The problem:
Where the data below shows a picture, leave that picture out and copy the rest exactly.

Dataset content:
++++++++++
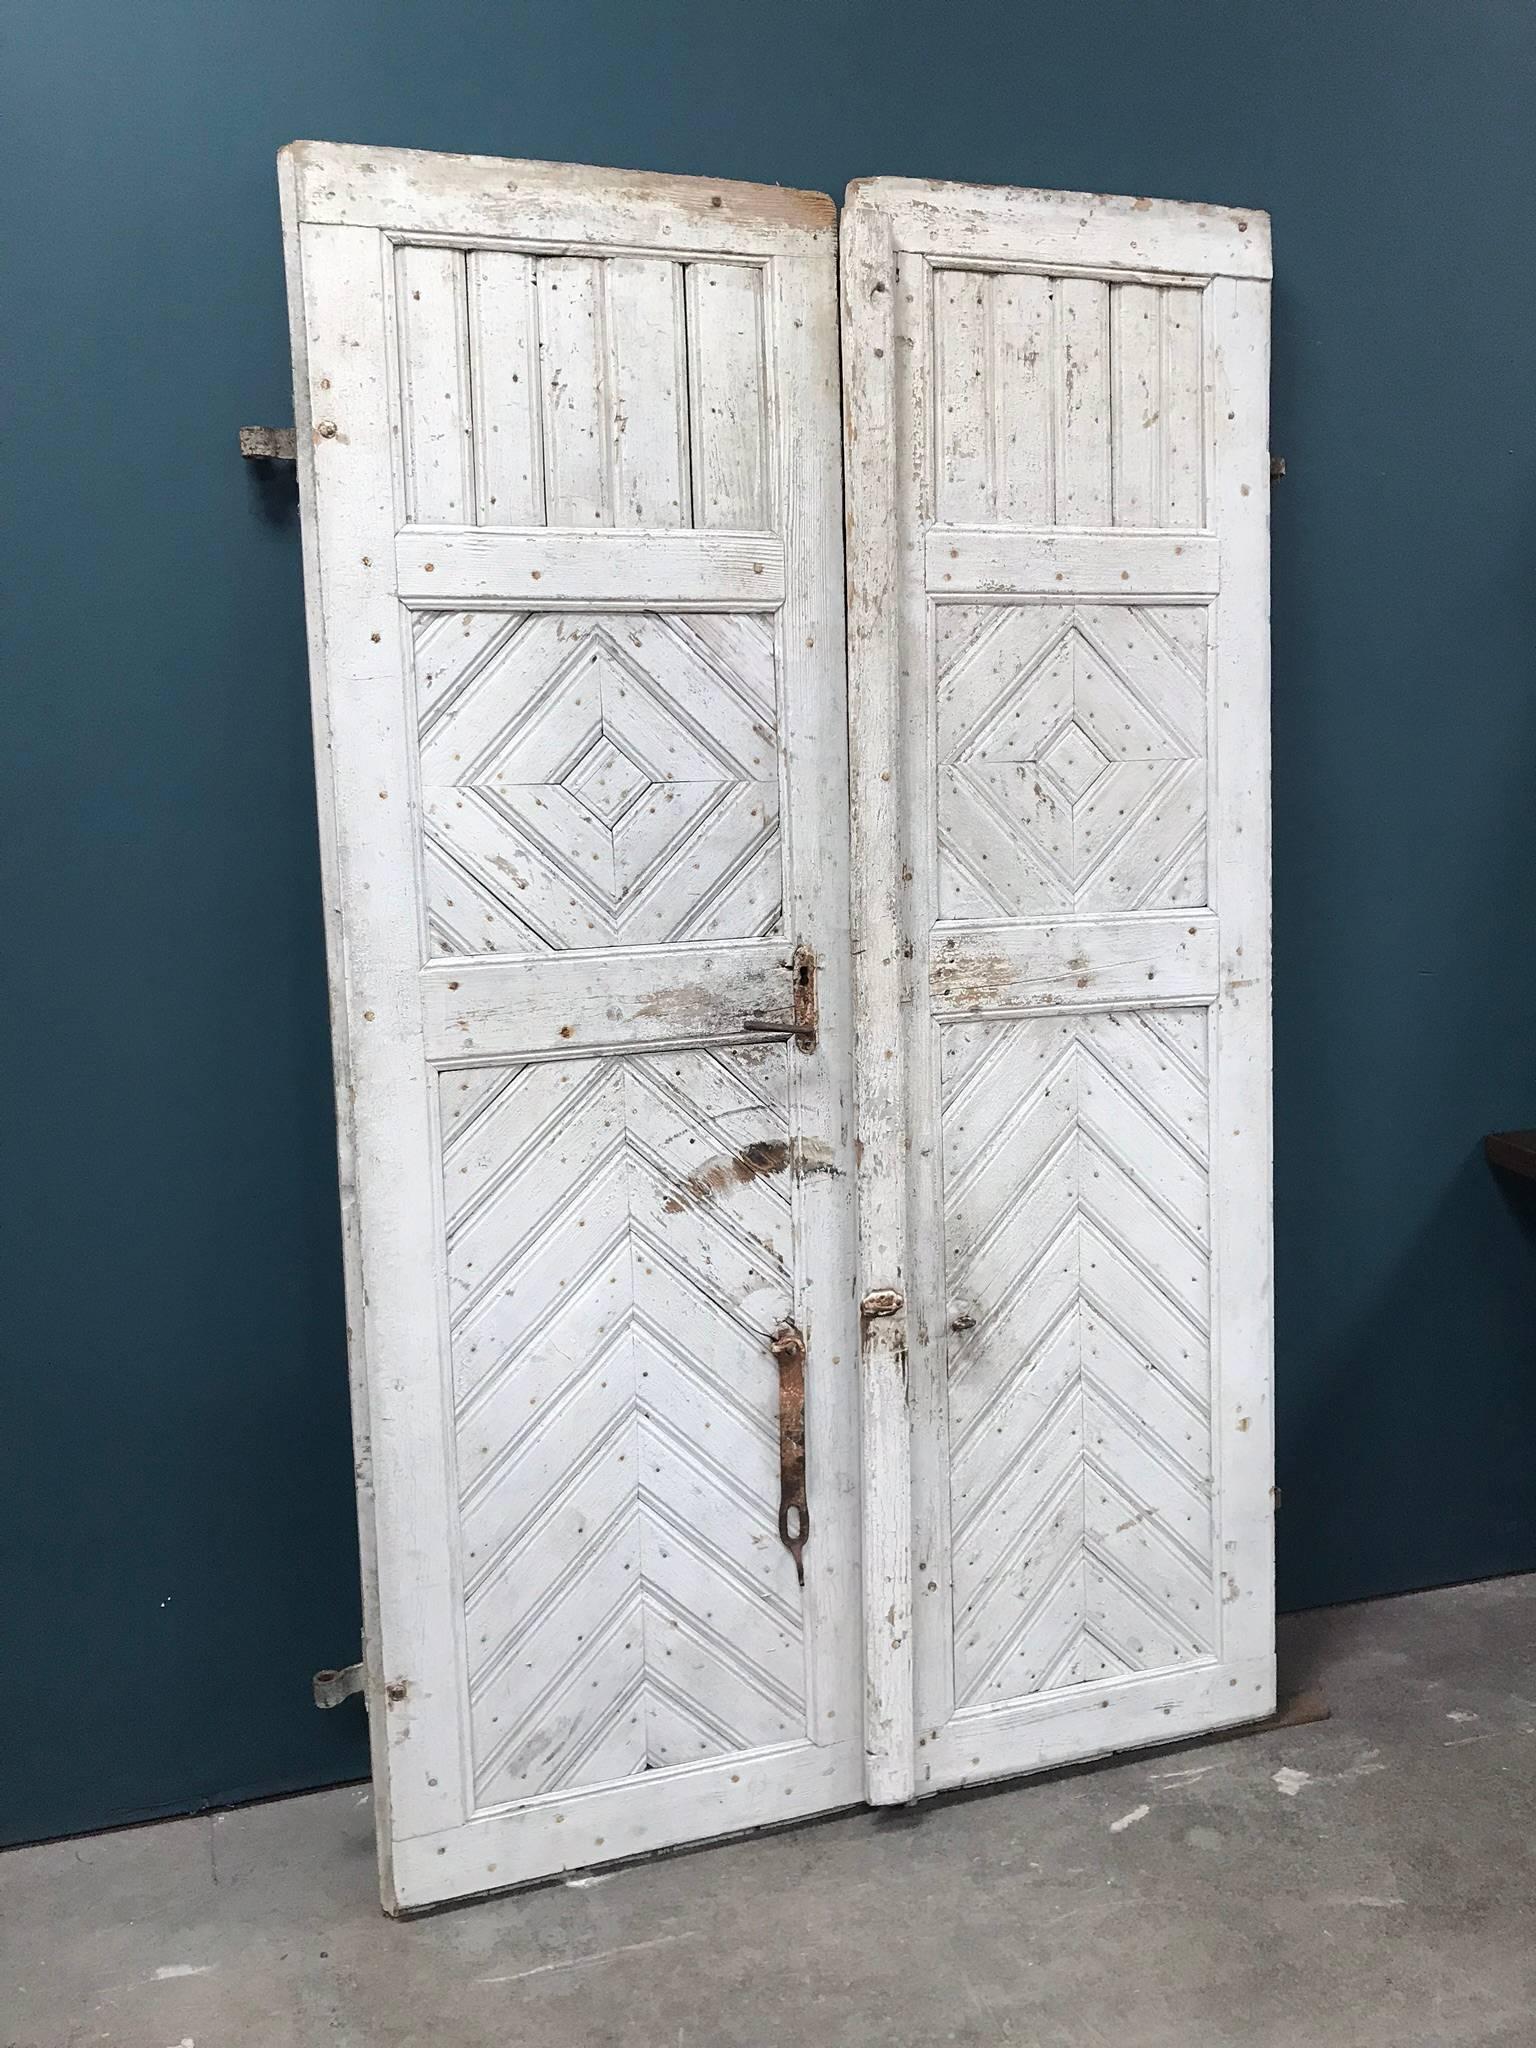 Late 19th century painted French farmhouse doors. The double door features original hardware and a unique chevron and diamond pattern. This piece would make an excellent decorative accent in your home!

Width listed reflects the overall width of
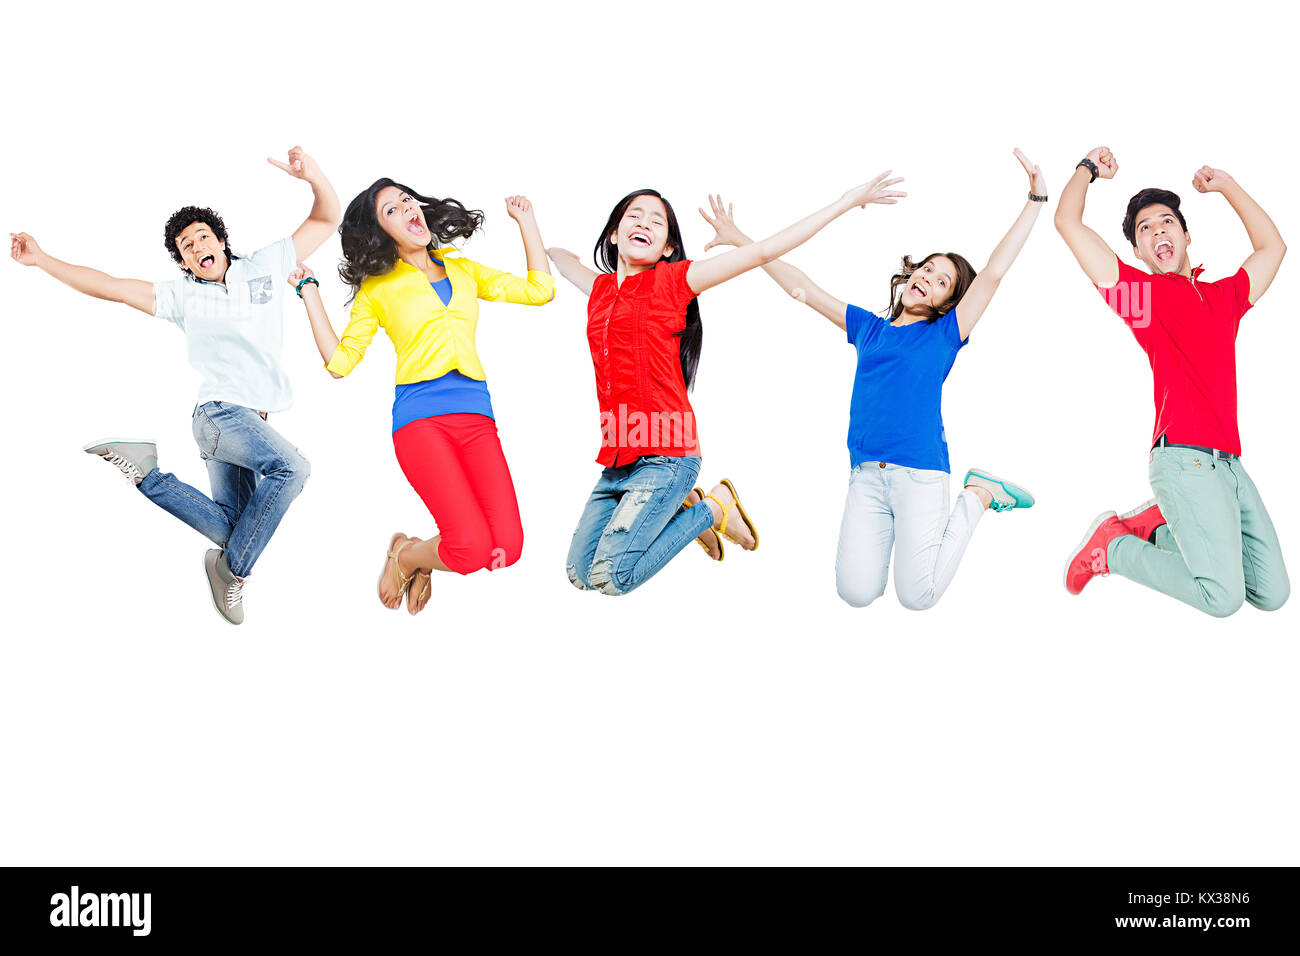 Shouted Indian Young Boys And Girls Friends Jumping Fun Cheerful Stock Photo
++++++++++
Answer space:
 Late 19th century painted French farmhouse doors. The double door features original hardware and a unique chevron and diamond pattern. This piece would make an excellent decorative accent in your home!

Width listed reflects the overall width of
 Shouted Indian Young Boys And Girls Friends Jumping Fun Cheerful Stock Photo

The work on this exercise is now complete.